Data for processing
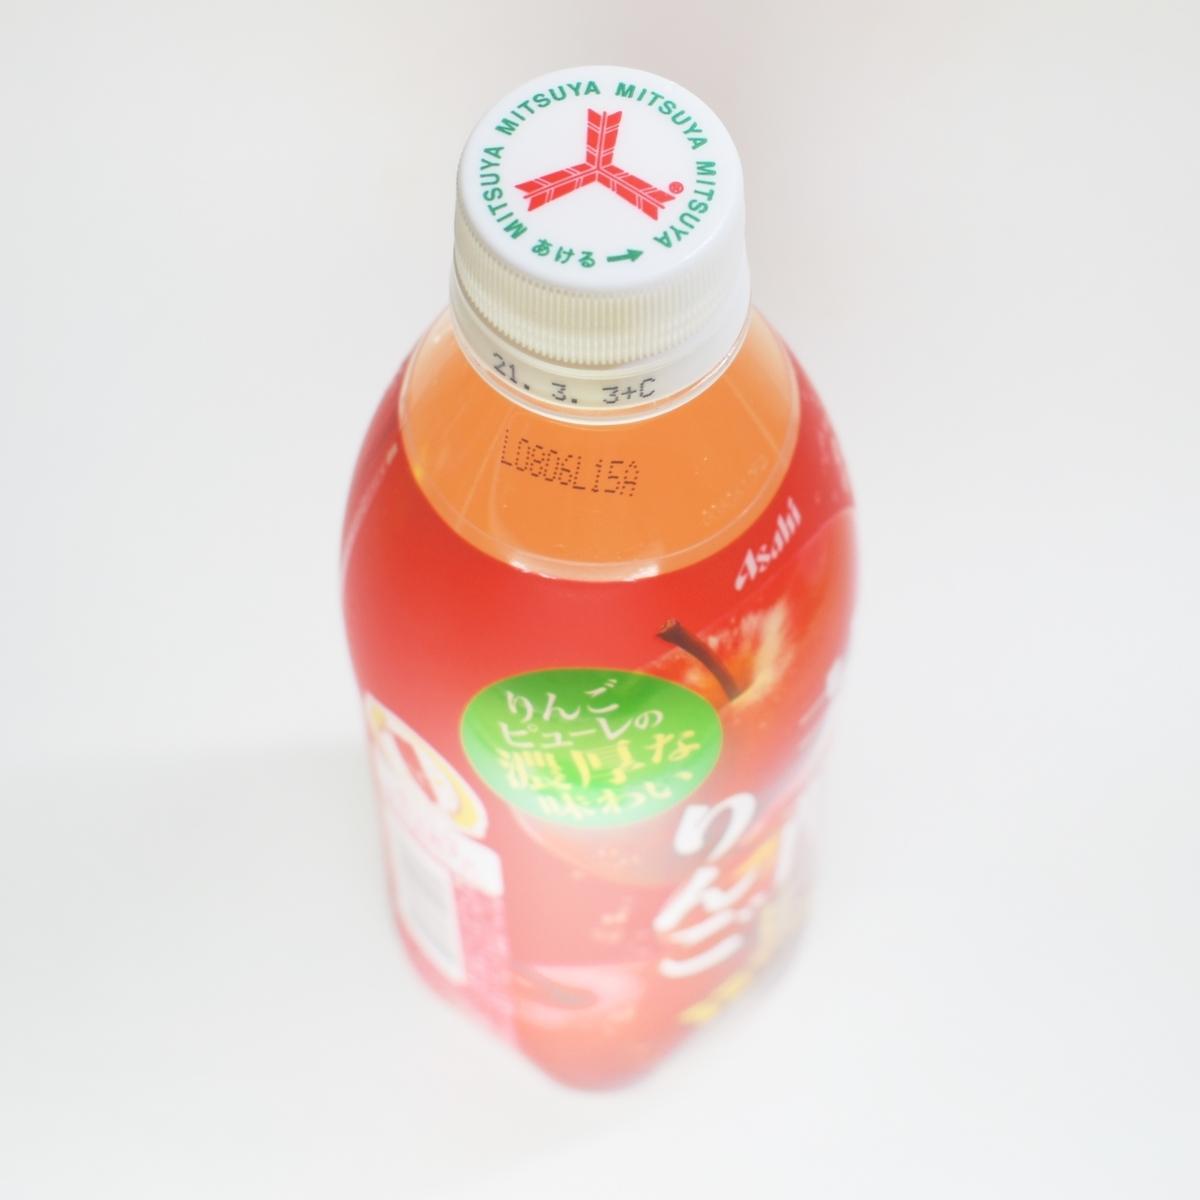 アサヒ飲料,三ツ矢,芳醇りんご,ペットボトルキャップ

==

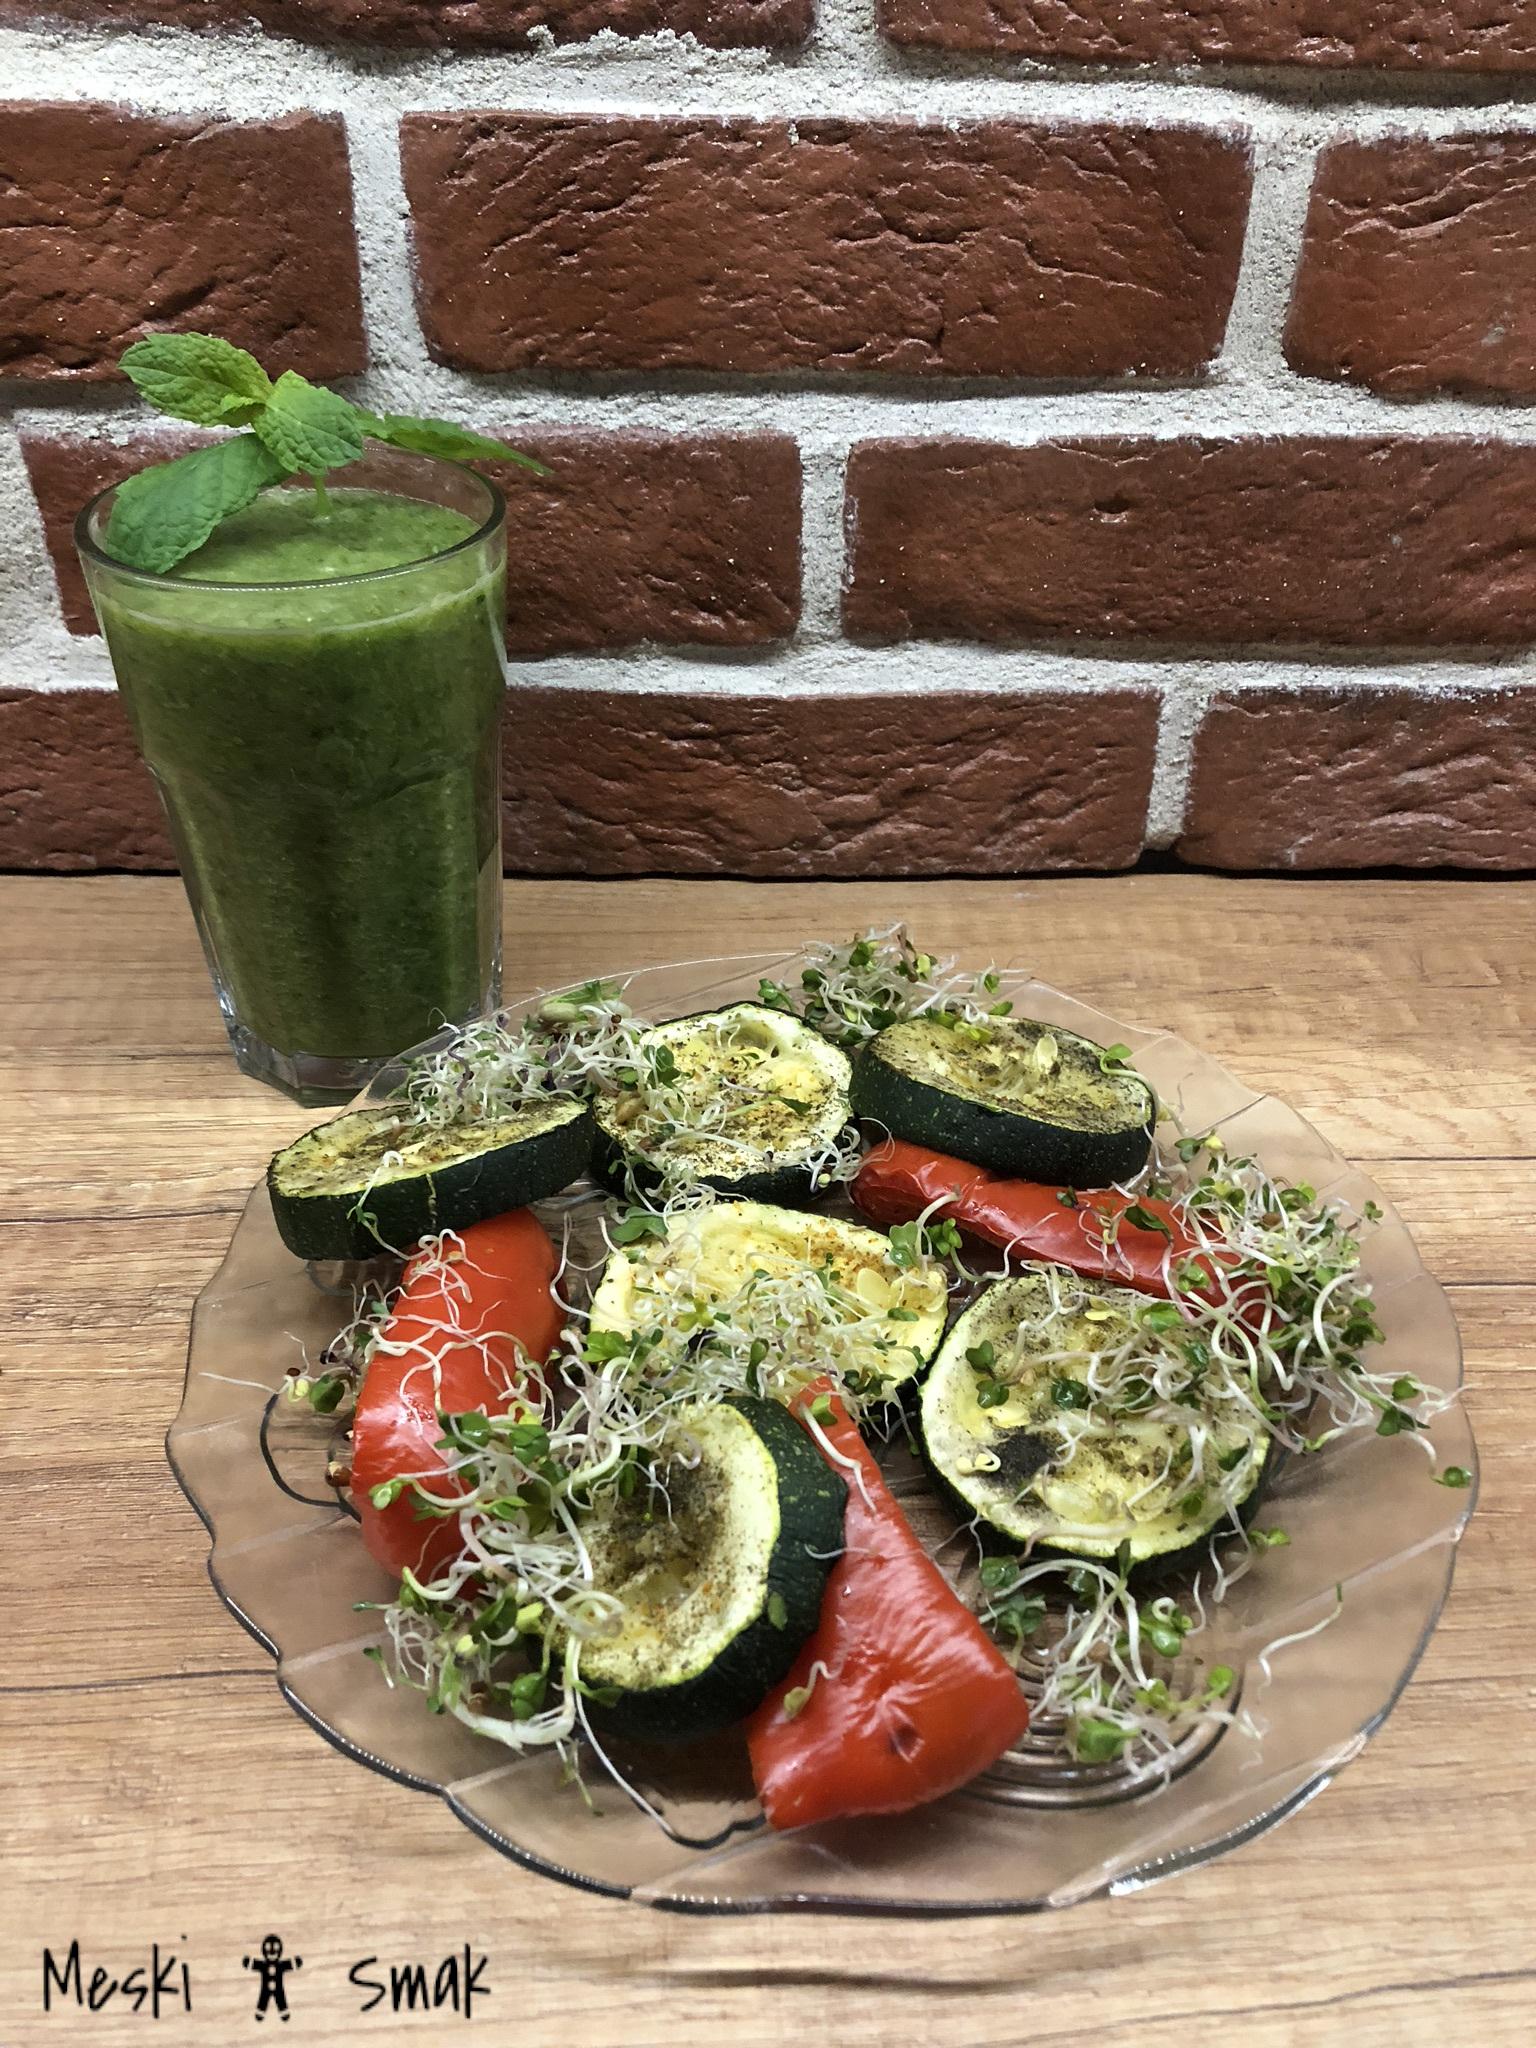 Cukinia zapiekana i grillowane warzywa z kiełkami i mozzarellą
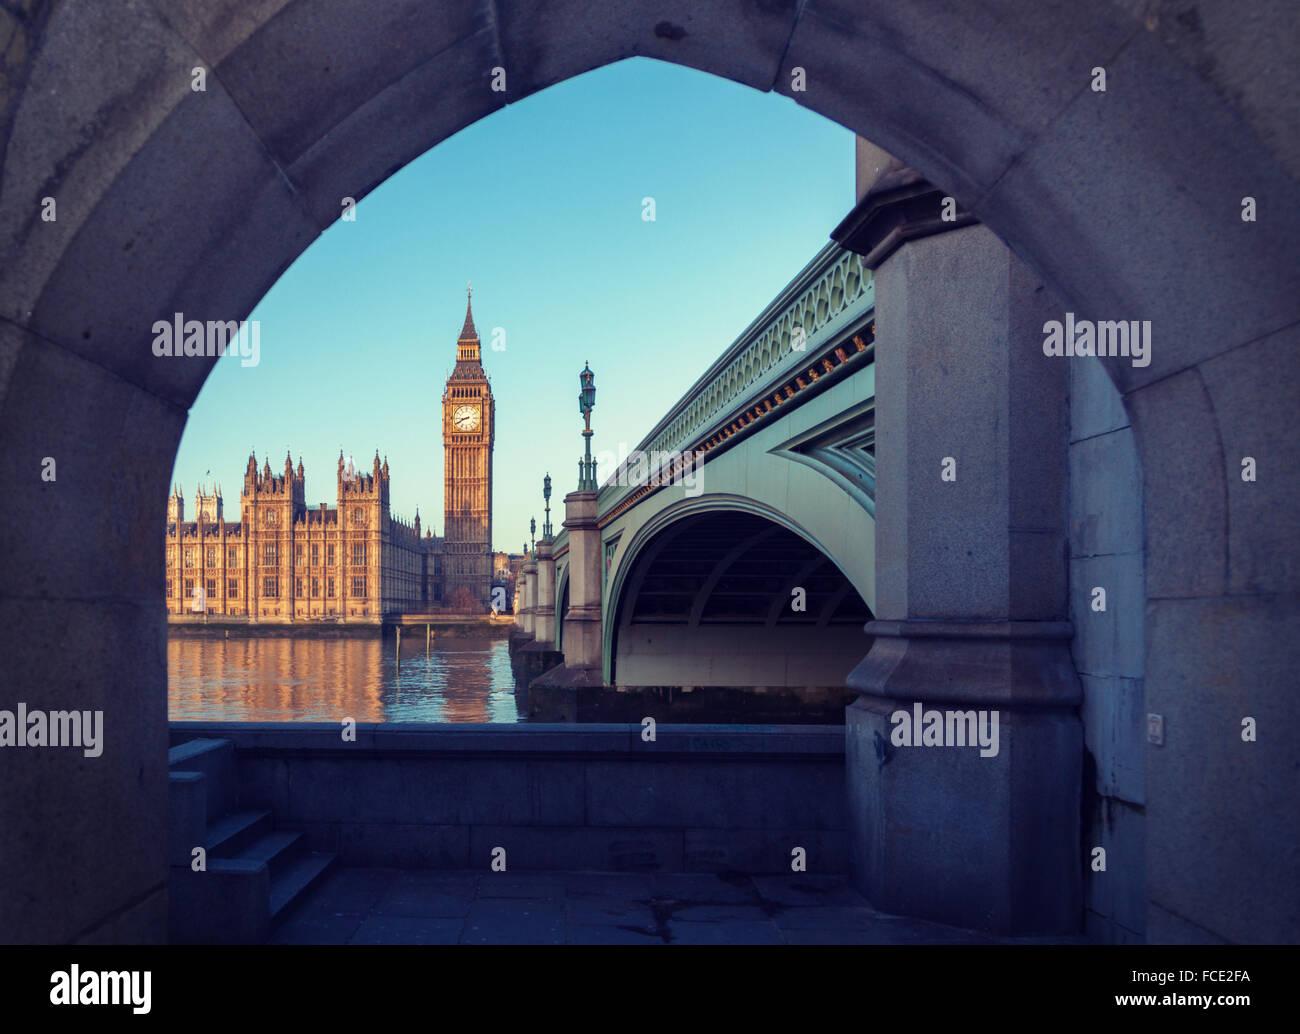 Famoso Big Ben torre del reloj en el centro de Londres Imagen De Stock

To do
Going by the entries above, repeat exactly the lines that start at the line with "Cukinia zapiekana i" and go on through the line with "Famoso Big Ben". Pictures are not part of the copy.

The completed task
 Cukinia zapiekana i grillowane warzywa z kiełkami i mozzarellą
 Famoso Big Ben torre del reloj en el centro de Londres Imagen De Stock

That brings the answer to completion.